A few weeks ago, we asked some top teachers to tell you about the worst advice they’d overheard amateurs giving each other on the practice tee. Off of that, we asked three other top teachers to help fill your now-empty information bucket with good advice you can share with your friends (or, if necessary, use for yourself!).
Golf Digest 50 Best Teacher Bernie Najar is going to get your playing partner headed in the right direction on the putting green, and top Canadian teacher Shauheen Nakhjavani shares what your actual rap should be when you see a quick, short slash at the ball. Top Michigan teacher Ian Hughes finishes up the lesson with anti-slice advice that will actually work—instead of ‘Hey, just aim more left.’ ”
What You've Heard: "Make sure you get it there."
Say This Instead: Get better speed on your next important putt.
“Be sure to get it there . . . How many times have you played with a partner in a team event and heard those dreaded words?” asks Najar, who is based at Caves Valley Golf Club outside Baltimore. “I understand where that comes from—it’s code for ‘Don’t leave it short.’ But the problem is that advice usually causes a player to make a different read and take a different line than he or she would've otherwise picked—and they usually gun it by the hole.”
A much better strategy is to simply read the putt from a few feet farther away, then make your practice stroke related to that size of putt, not the distance you see.
“That way, you can go through your normal routine and just make a regular stroke, not one where you’re thinking about adding more when you get down to impact,” says Najar.
Bad Advice I've Heard: "Slow down your swing."

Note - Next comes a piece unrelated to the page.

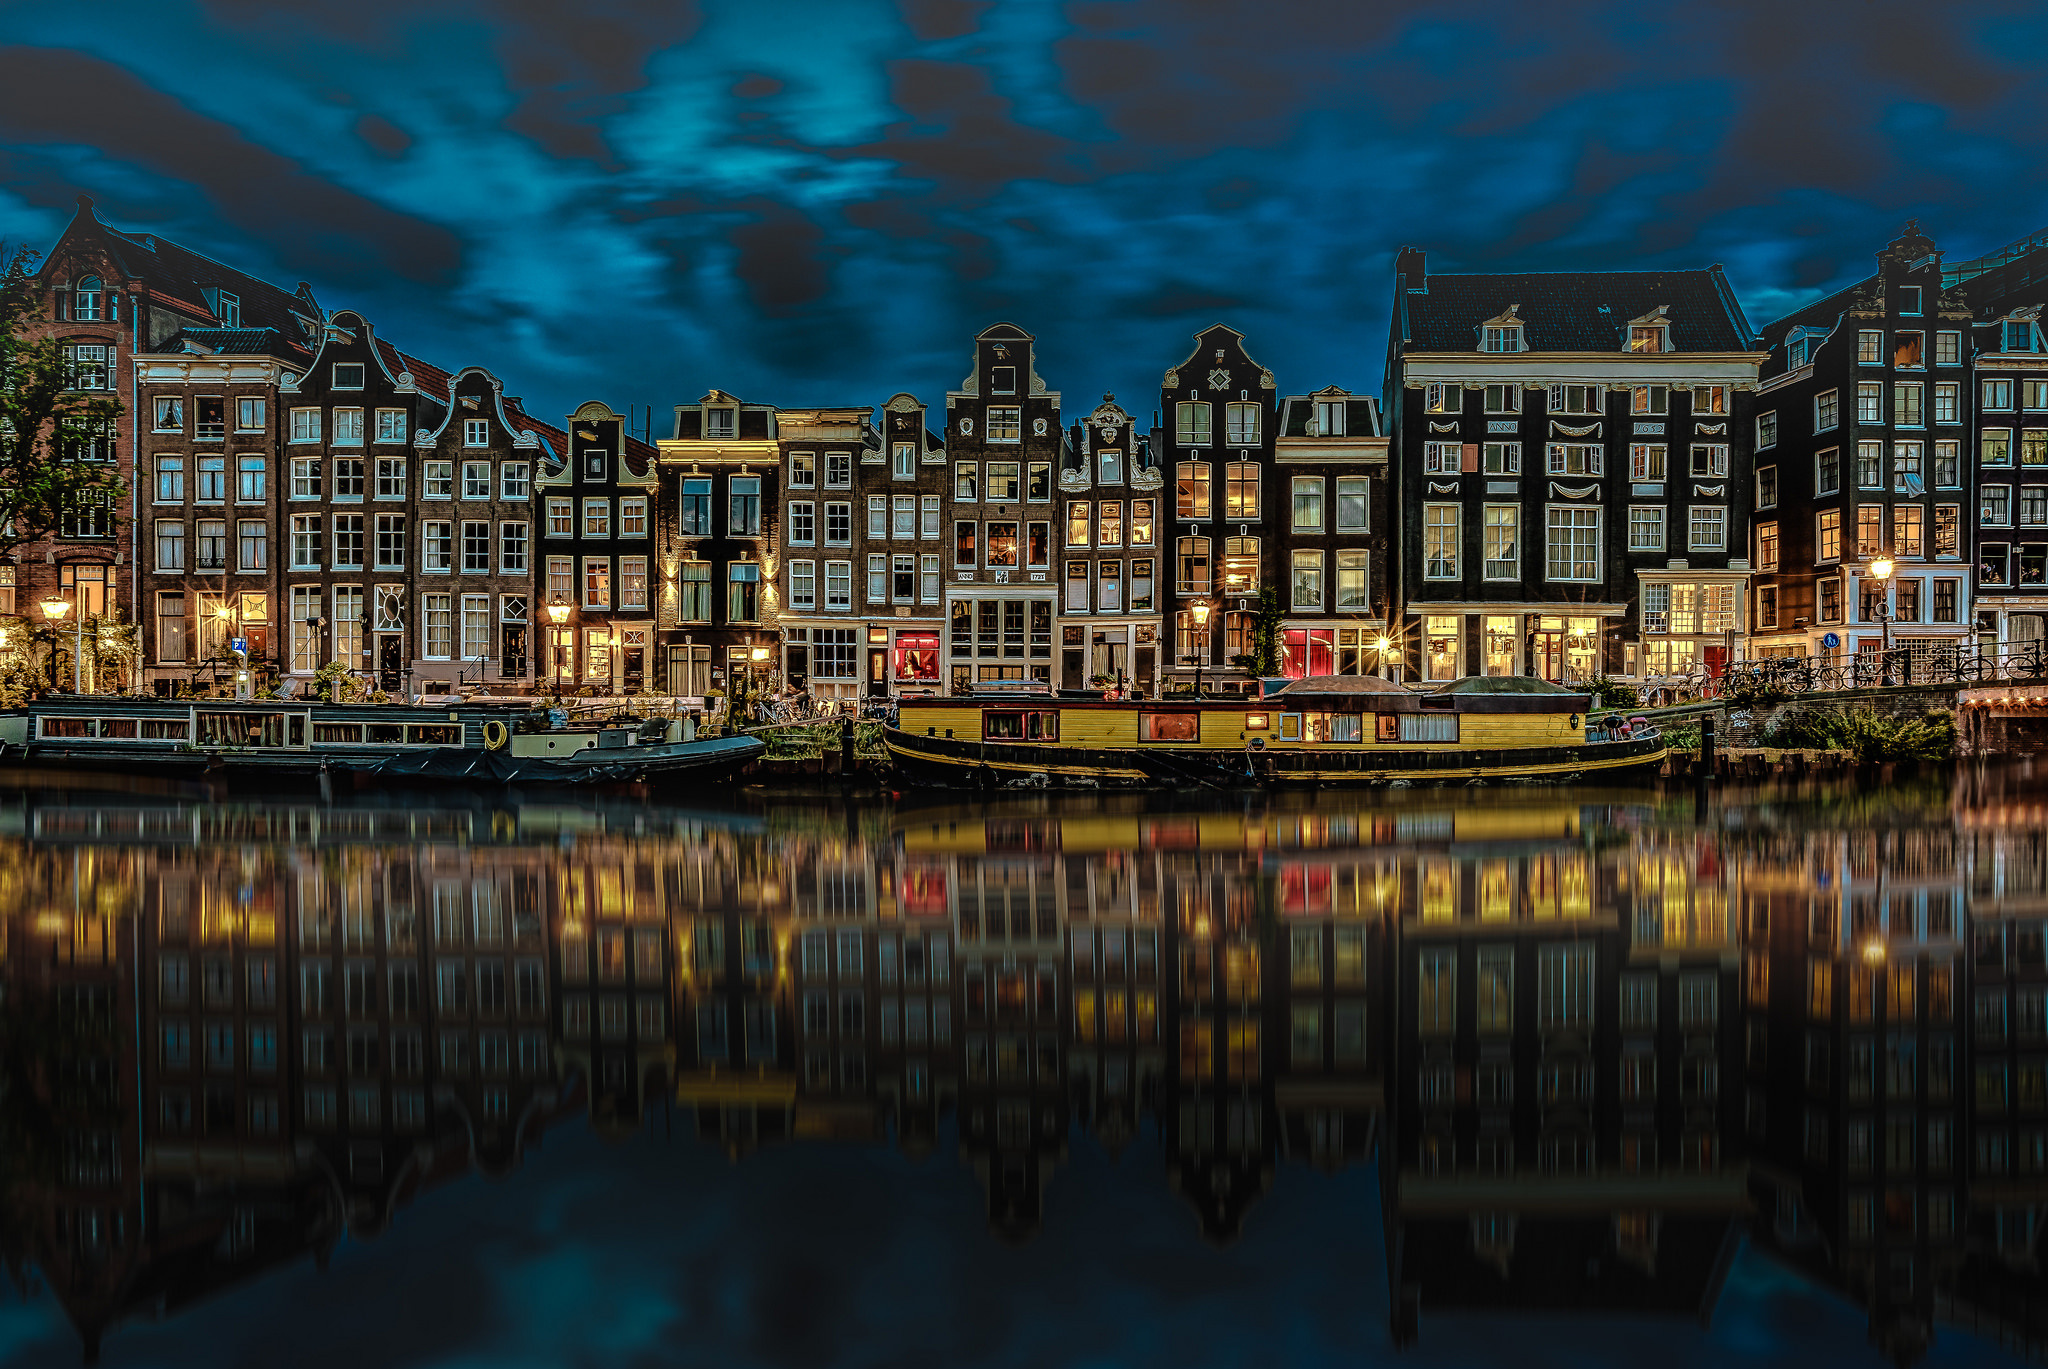 amsterdam, man made, building, canal, house, night, reflection, cities

Say This Instead: Turn more to improve your sequencing.
In general, speed is a wonderful thing in golf. It makes the ball go farther, and it produces more backspin on middle and short iron shots. But if you’re trying to add speed at the wrong time, you’re mostly just creating wind.
“We’ve all seen friends with terrible tempo and sequence,” says Nakhjavani, who is based at Mystic Pines Golf Club in Montreal. “Their real swing is typically a shorter, faster and more hectic-looking version of their practice swing.”

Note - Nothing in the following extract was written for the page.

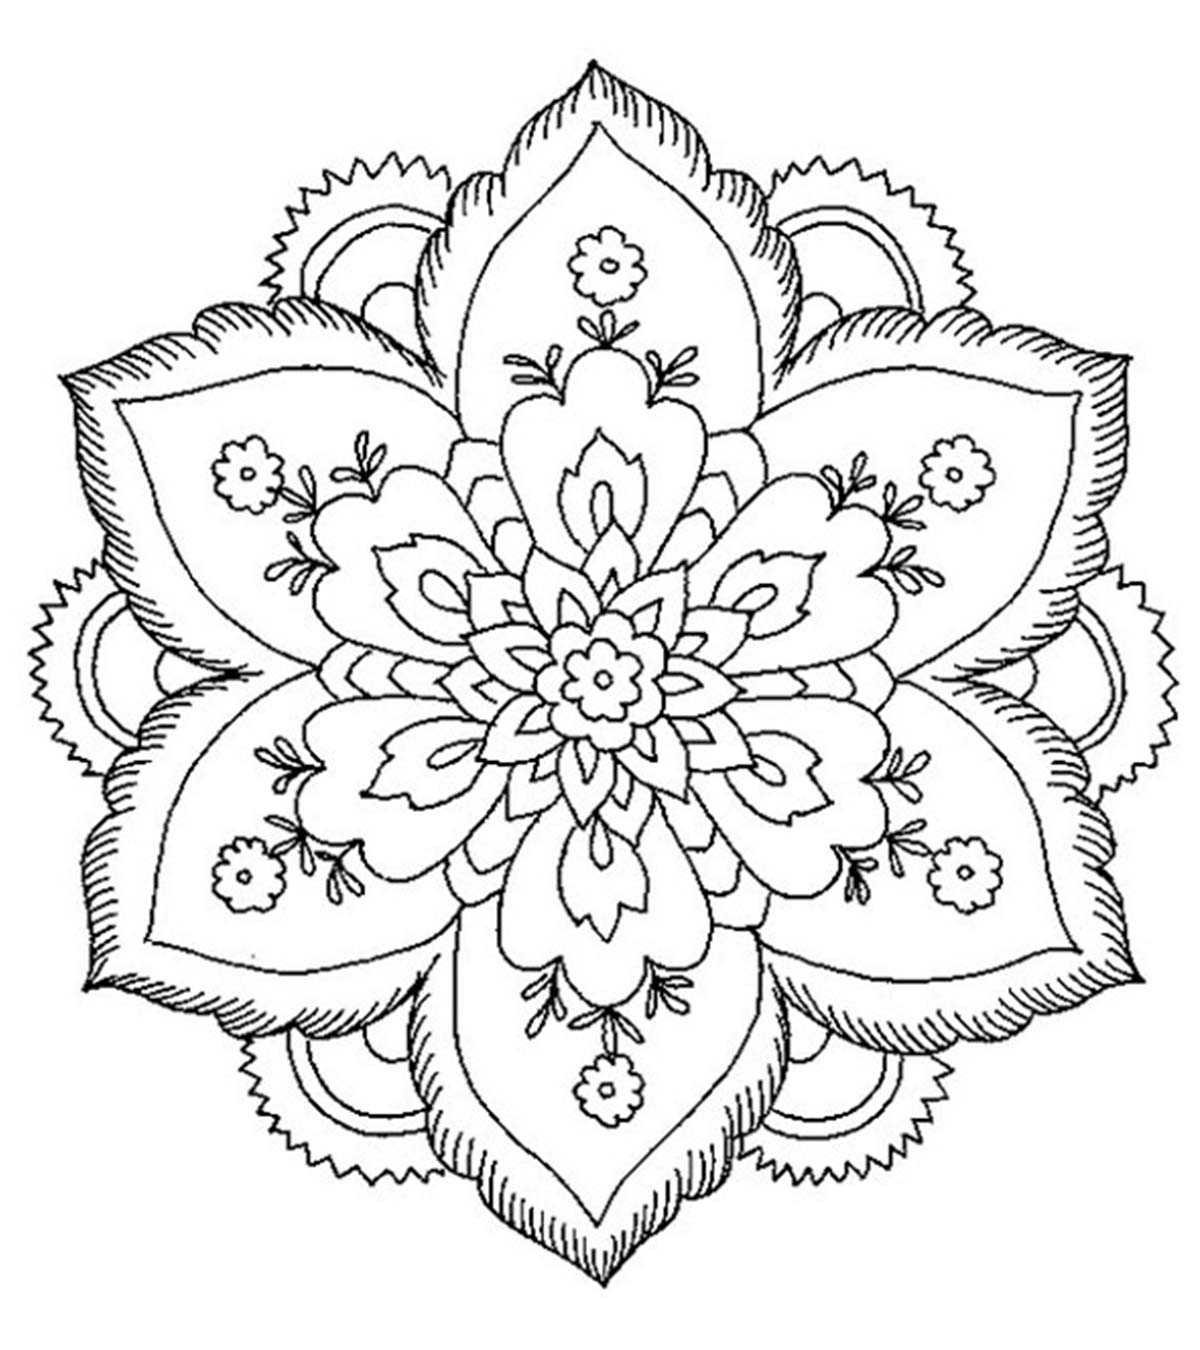 pattern-coloring-pages-momjunction

Instead of focusing on slowing down your swing, work on improving your turn to get back in sync. “I like to see you turn so that your trail leg straightens—not locks, but straightens—and your lead knee is under your chin,” says Nakhjavani. “That has the effect of getting your hands deeper behind you, which makes it easier to hit from the inside. You’re also engaging more of your big muscles, which are going to help you hit it harder.”
Bad Advice I've Heard: "Aim more left to straighten out that slice."

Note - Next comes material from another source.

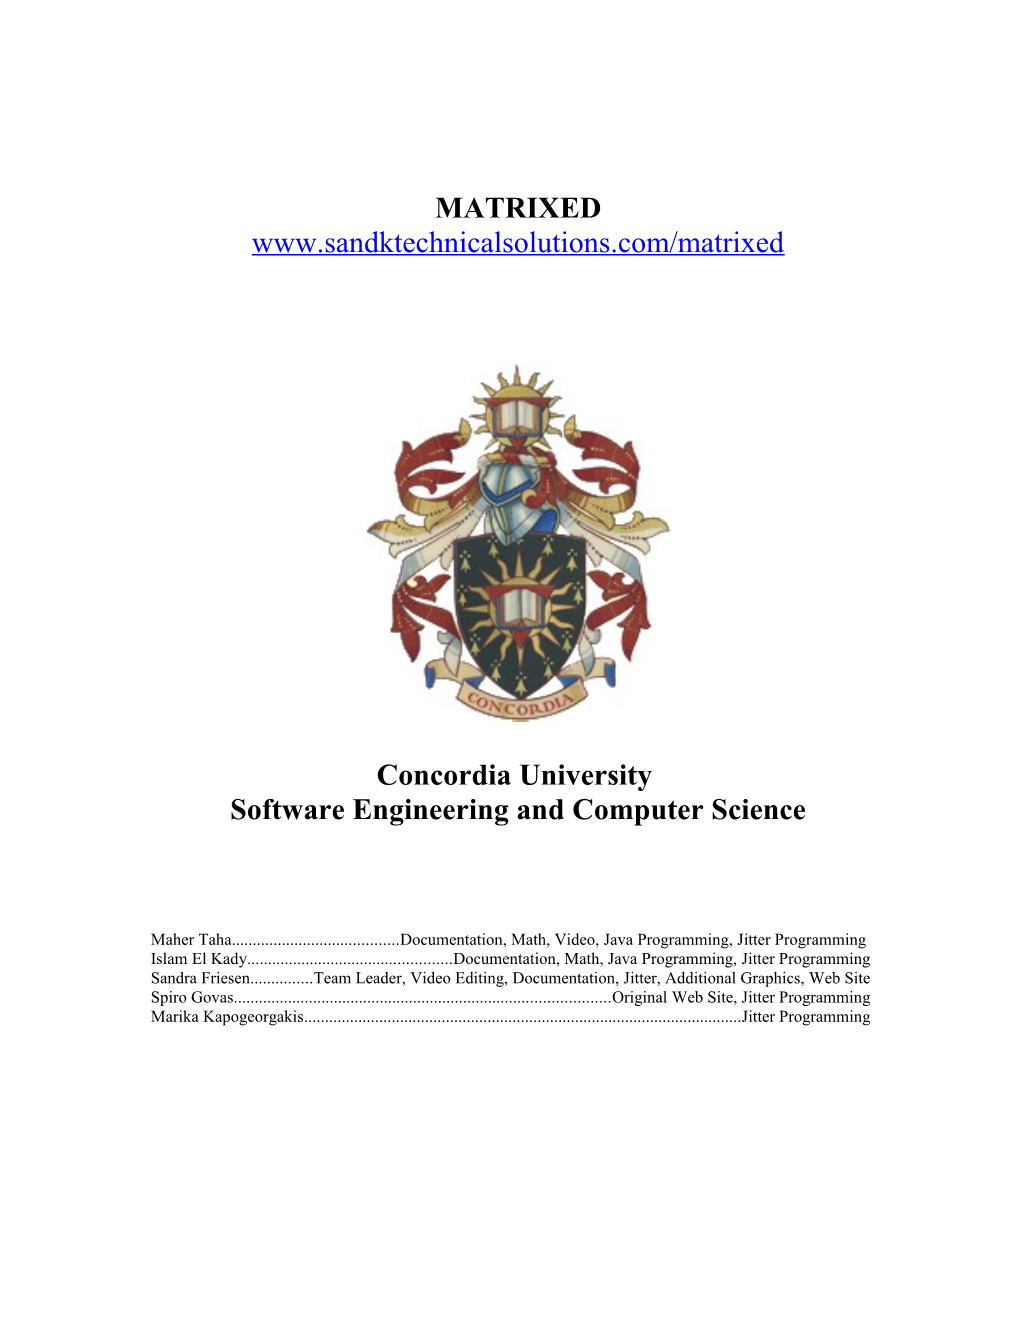 Software Engineering and Computer Science

Say This Instead: Change your grip and aim to quit slicing.
We’ve all been there on the first tee—watching a playing partner aim down the left side of the fairway only to come over the top and slice it into the subdivision right of right. The commentary that follows is usually fun, too: “I never do that,” or “I usually hit a draw.”
No, you don’t. And no, you shouldn’t be telling people they need to aim more left, either. “What does it tell you that there are more anti-slice tips out there than anything else, and the vast majority of players still slice every single time?” asks Hughes, who is based at GolfTEC Grand Rapids. “Until you address the fundamentals, you’re never going to fix that problem correctly.”
If your friend actually wants a tip—and lots of people actually don’t—start with how they hold the club. “Whatever style of grip you have—interlocking, overlapping, whatever—if you’re a slicer, you need to make sure both hands are turned away from the target. If you’re a right handed player, your left hand should have its thumb on the side of the grip, and your right hand should be turned under the shaft,” says Hughes.
“After that, you have to deal with your aim. The more you open your body by aiming left, the more you exaggerate the swing that makes a slice. Turn so that your shoulders are aimed right of the target, which gives you a chance to start swinging from the inside.”